Since when has it been OK for well-heeled people to ask acquaintances for money?

Lipstick mark on a pile of £50 notes
‘Perhaps it’s OK to ask strangers for cash.’ Photograph: Gary Roebuck/Alamy

Gosh, working is a bore isn’t it? Doing things for cash. How last century. Personally, I thought about not writing this piece at all, and instead demanding that a stranger give me some money.

I mean, why not? It seems de rigueur to ask for cash for doing nothing. Take the case of the newlyweds who thought it was perfectly OK to contact a wedding guest to point out that the £100 cheque she had given them was insufficient, helpfully adding: “If you wanted to send any adjustment it would be thankfully received.”

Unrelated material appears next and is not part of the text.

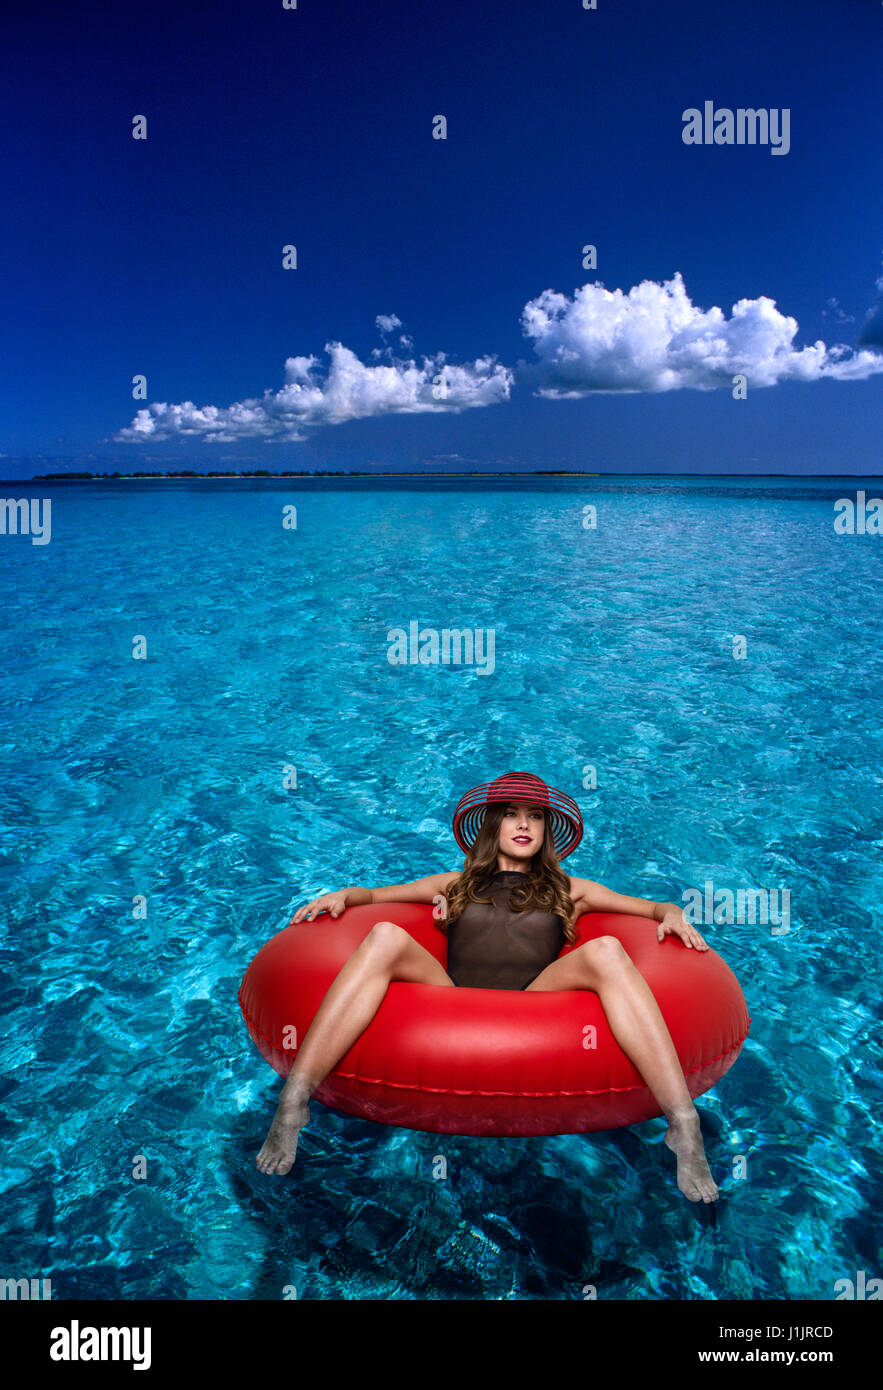 Mujer joven flotando en un tubo interior Foto de stock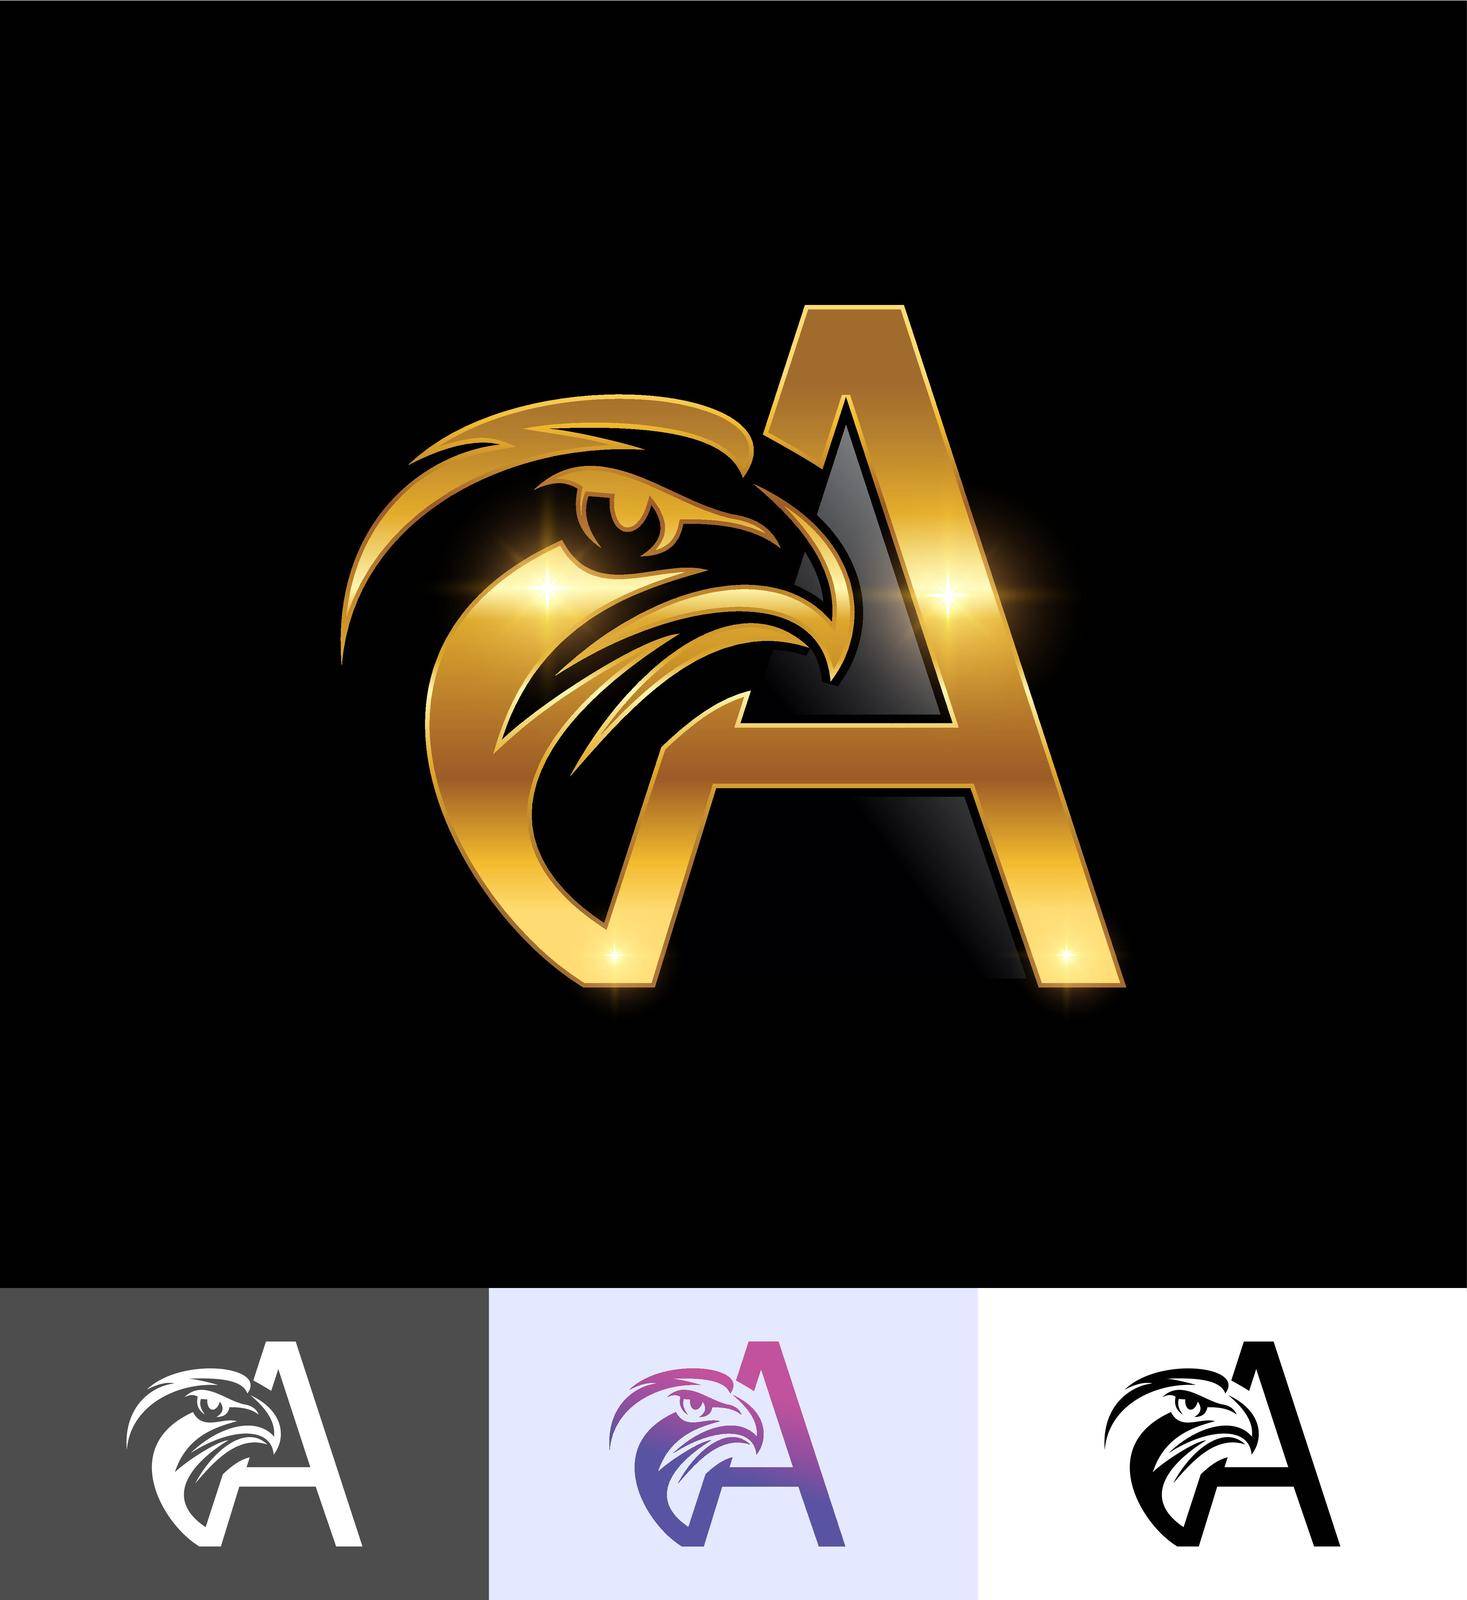 A vector illustration set of Golden Eagle Monogram Initial Letter A

This outrage, the most compelling Mumsnet thread since penis beaker-gate, seems to have struck a chord – the poster has since been inundated with more than a thousand responses, many urging her to cancel the cheque.

And this sort of entitled behaviour isn’t rare. There’s Emma McCormick, the student who set up a crowdfunding account after saying she had blown her student loan on partying. McCormick later said she was joking, but then again, perhaps she would – she only raised £10. She added that she was inspired by Kanye West, who recently took to Twitter to ask for cash, claiming he was $53m in debt. Presumably, he wasn’t joking.

Also not a joke (unfortunately), is a website where women can ask strangers to fund their breast enlargements. It’s an American site, but the Daily Mail helpfully points out that “thousands” of British women have signed up.

You might think that this sort of brazenness is a symptom of our self-obsessed selfie and social media age. Something to do with entitled millennials expecting everything for free. But consider the Private Eye classifieds, which have long puzzled me. For years, in the Eye Need section at the back of the magazine, pleas for money have appeared, accompanied by bank account details. Some of these are hard-luck stories – although how anyone can tell whether they are genuine or not is beyond me – and some are simply unabashed requests for dough, such as the “attractive mezzo-soprano (aged 27) seeking benefactor for conservatoire fees”. Well, OK then.

Perhaps I’ve missed something. Perhaps it’s OK to ask strangers for cash. I take an exhaustive, scientific poll of three friends. One says she would consider it if she was desperate. Another if “he was starving”. The third – no. “I felt bad enough asking for sponsorship when I did charity stuff,” she says. It’s a confusing area. The line between asking for cash for a genuinely good cause – paying for medical bills, for example; and a frivolous one – new tits – is not always clear. As is the line between genuine need and simple greed.

I may be being terribly British, but I’d rather be carted off to debtor’s prison than face the embarrassment of asking people I don’t know for money. Don’t get me wrong, I don’t sleep on a bed of £50 notes. I’ve been up against it financially many times in my life. And I did the sensible thing – I got hideously in debt and ended up with a pile of interest, late fees, threatening letters and a heap of massive stress.

And if you are getting married and considering asking your nearest and dearest for some cold, hard moolah, consider this tale of caution. A friend was recently invited to a wedding where the couple asked for cash gifts – not for anything specific, mind you, just money: “I took offence at the implication that I couldn’t be trusted to buy them something nice. They were loaded anyway. They got fuck all from me. Just a card.”